Depuis 6 mois, Kira a quitté son pays ravagé par la guerre. Du haut de ses 18 ans, cette jeune réfugiée ukrainienne porte un message. Un message d’espoir pour son pays envahi par la Russie depuis le 20 février. Pour Circonflex mag elle raconte son parcours, ses aspirations après la guerre et l’espoir, un jour, de retourner chez elle.
Il y a des histoires qu’il n’est pas simple de raconter. Des mots qui, dans la bouche d’une jeune fille de 18 ans, ne devraient pas exister. D’une voix tremblante, elle se lance « On ne voulait pas croire ce qui allait arriver ».
Quelques mois plus tôt, Kira avait entamé une année de césure et commencé un travail de modèle. « C’était la plus belle année de ma vie » se souvientelle. Originaire de Kiev, la jeune étudiante arrivée à Lille pour poursuivre ses études interrompues par la guerre depuis le mois d’avril essaie de s’intégrer à cette nouvelle vie. Elle étudie les Lettres Modernes, elle aimerait devenir plus tard traductrice et participer activement au développement des sciences humaines et de la littérature en Ukraine.
« Venir en France a été la meilleure des décisions »
« Mon arrivée en France a été chaotique. J’ai tout d’abord dormi dans un hôtel puis dans un grand centre de réfugiés ukrainiens, en Picardie », raconte-t-elle, encore marquée par cette épreuve. Aujourd’hui, Kira réside dans un foyer d’étudiants et essaie tant bien que mal de reprendre une vie normale : « Venir en France a été la meilleure des décision ». Pourtant, au fond d’elle demeure un sentiment amer : « J’ai de la chance d’être ici. Après la guerre, je pourrai rentrer dans mon pays, forte de toute cette formation. Pourtant, je n’arrive pas à me sentir chez moi. ».
La jeune femme garde un lien très fort avec sa famille restée sur place, mais elle est rongée par un sentiment de culpabilité : « c’est difficile de rester ici en sachant qu’eux sont là-bas ». D’autant plus que l’approche de l’hiver vient se greffer comme un poids aux conditions de vie des Ukrainiens « Je stresse beaucoup à l’idée que l’hiver arrive, à cause du problème de chauffage. J’essaye de ne pas trop y penser, sinon je panique et cela m’angoisse. »
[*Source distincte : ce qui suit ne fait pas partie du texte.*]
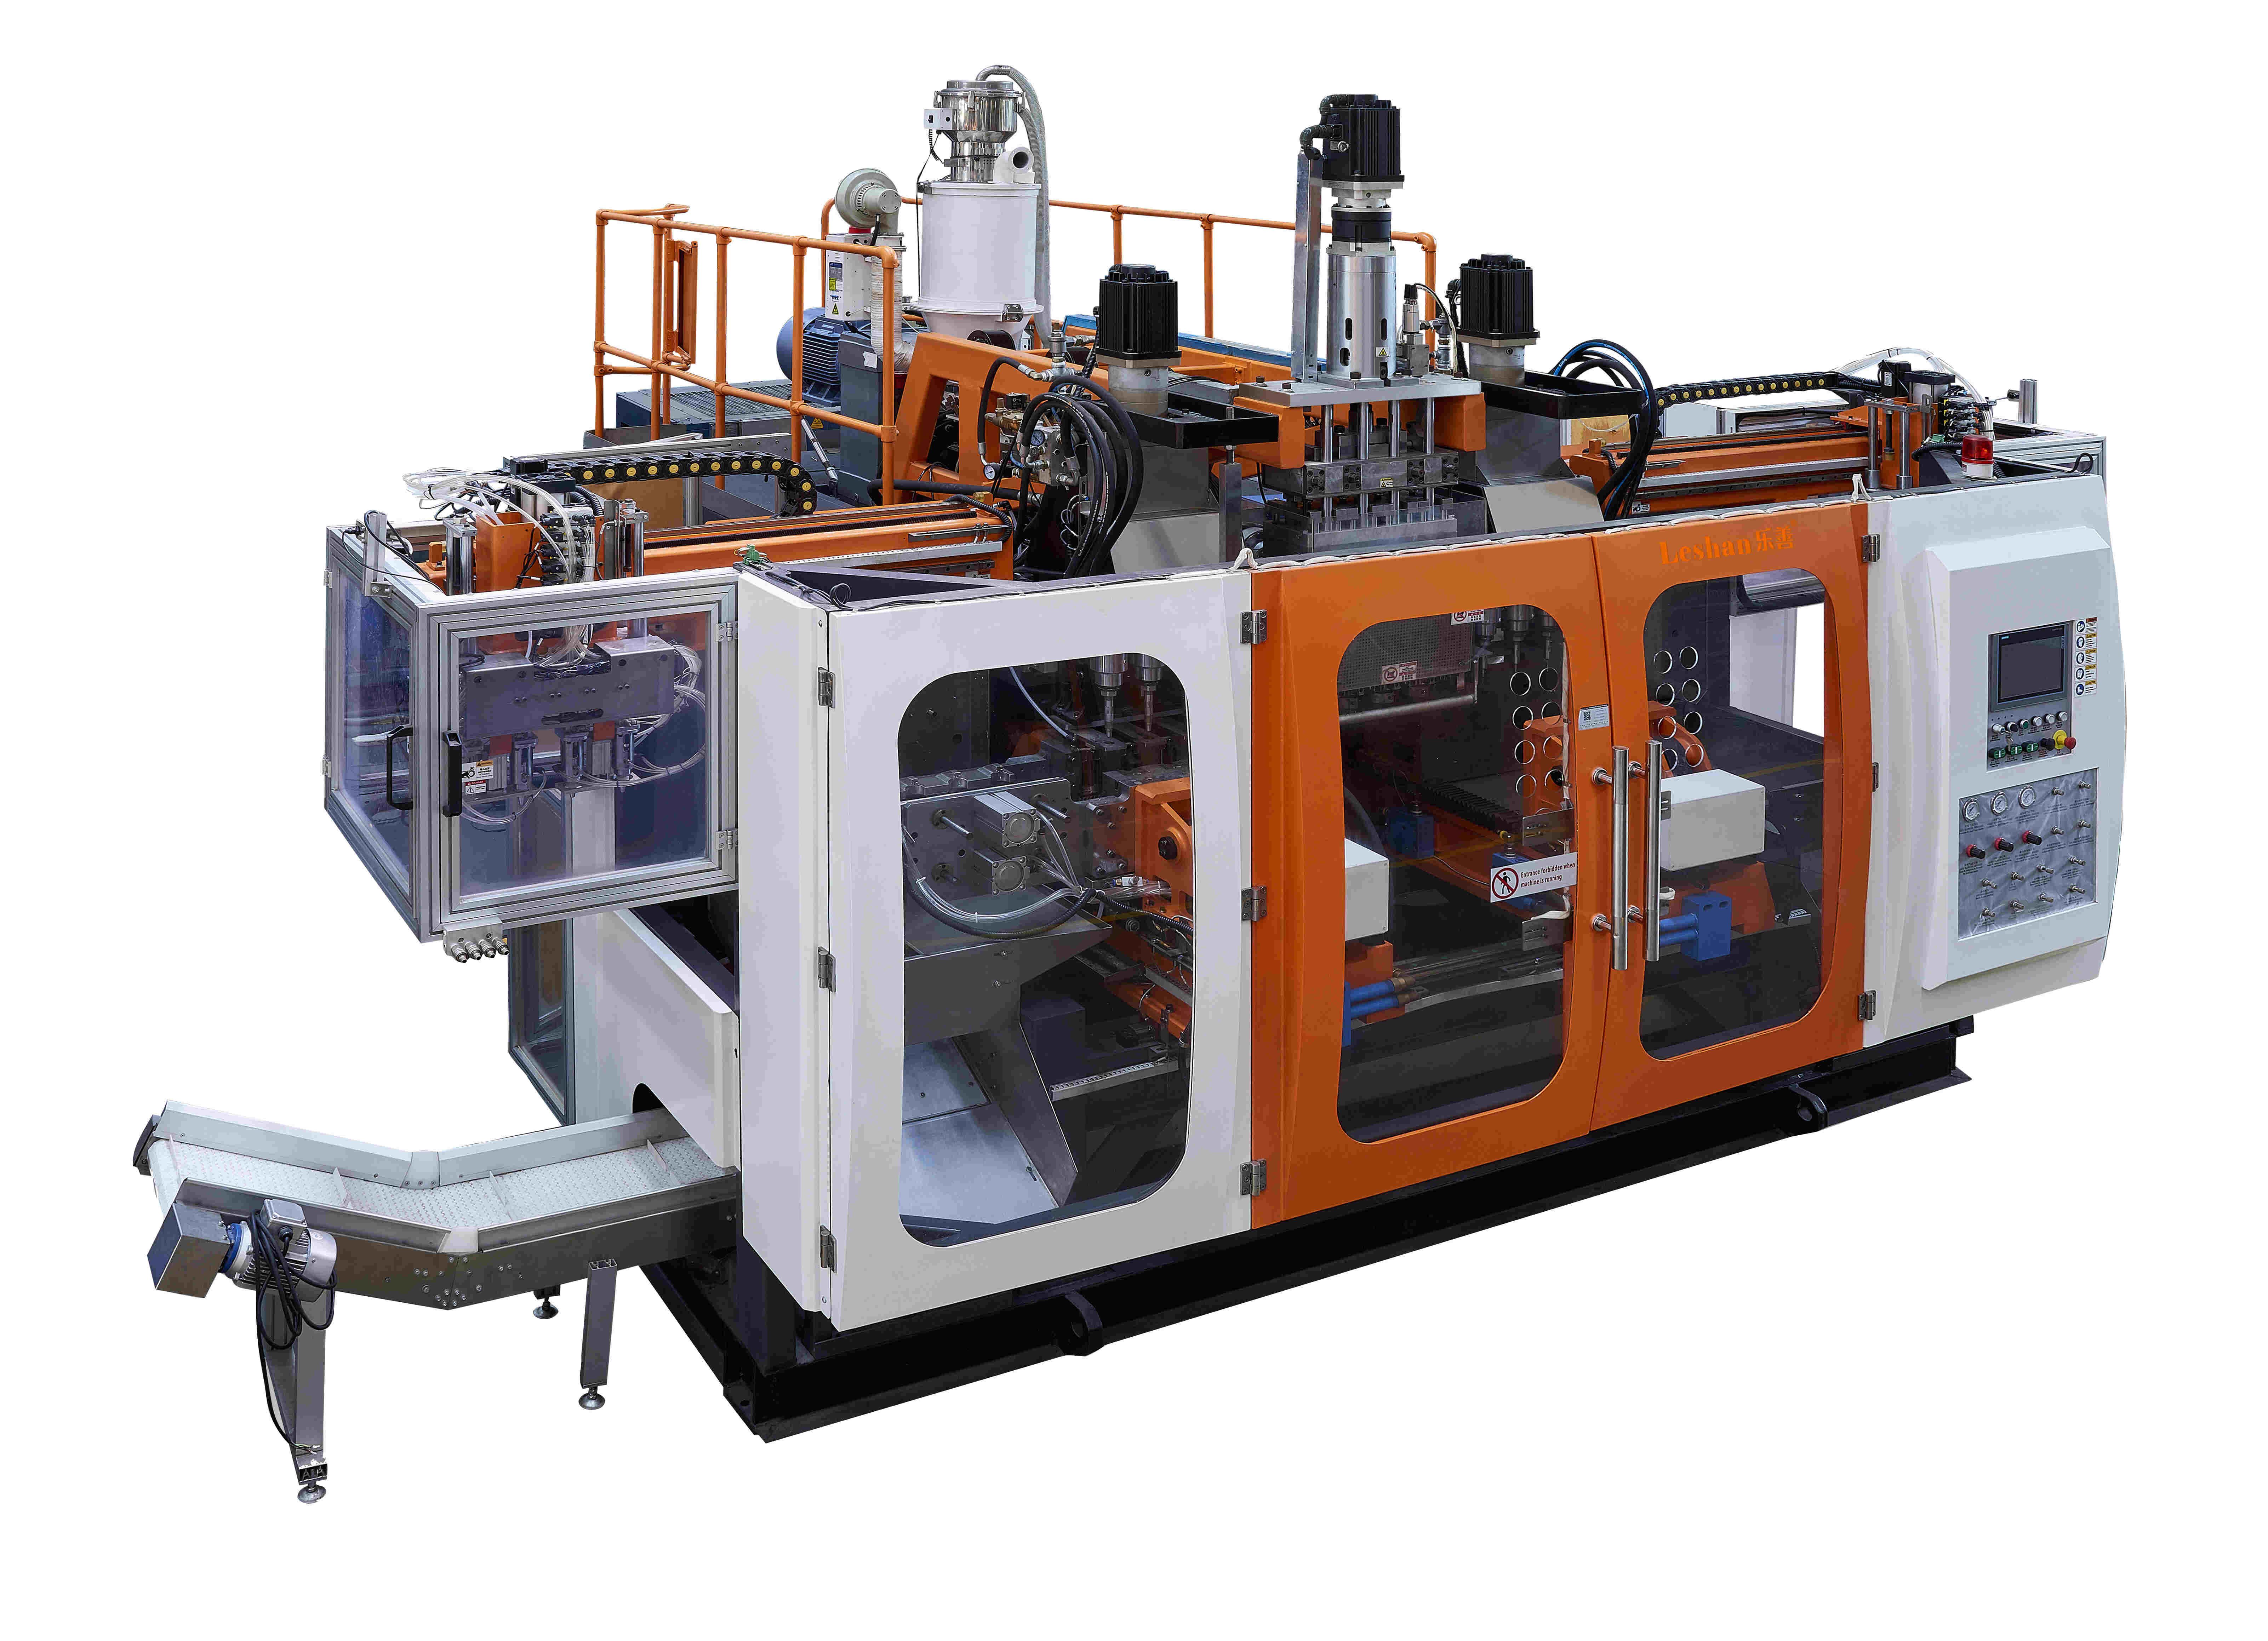 What are the main components of a extrusion blow molding exporter?

Par choix, à l’adolescence, Kira n’a plus voulu parler russe. Un acte de patriotisme. De résistance contre la Russie. « Après 300 ans de colonisation, et avec les évènements actuels, si une jeune fille comme moi continue à parler russe et non ukrainien, cela signifie qu’ «ils » ont gagné. D’ailleurs, depuis la déclaration de la guerre, nombreux sont ceux qui ont recommencé à parler ukrainien » La guerre, elle la connait bien, elle a grandi avec les conflits à répétitions :« chaque jour quand mon père m’emmenait à l’école, on entendait à la radio qu’il y avait des morts par dizaines ». À demi-mot, presque gênée, elle avoue même qu’elle et ses amis étaient devenus des « habitués » de la guerre.
« L’Ukraine se relèvera »
À Lille, Kira se bat pour la liberté de son pays, en participant à des rassemblements, des manifestations. A son échelle, elle lutte et résiste pour l’indépendance de son pays. « C’est à nous de faire changer les choses, aux jeunes du monde entier de se mobiliser. » Elle veut porter un message d’espoir pour toute une génération, parce qu’elle en est certaine, « l’Ukraine se relèvera, notre pays l’emportera »
Mais la jeune fille n’en reste pas moins une adolescente, avec des envies, des ambitions : « Je rêve de traduire Les misérables de Victor Hugo. C’est mon livre préféré. Nous ne disposons pas d’une bonne version en ukrainien. J’aimerais que tout le monde puisse y avoir accès. » Et quand on lui demande la première chose qu’elle fera en rentrant chez elle, elle n’hésite pas une seconde : « je mangerai toutes les spécialités ukrainiennes avec ma famille ! »
Une fois la guerre finie, la jeune femme souhaite reprendre ses études dans son pays. Elle pense souvent à ce qui se passe « là-bas », la distance ne diminue en rien la douleur ni le déchirement d’être partie. Elle ne compte plus les jours qui lui restent avant de rentrer chez elle. « L’Ukraine, ma famille, ma culture, mon peuple, c’est quelque chose de très précieux pour moi.
Elle esquisse un sourire rempli d’émotion. Les larmes aux yeux, elle termine : « un jour, je retournerai en Ukraine ».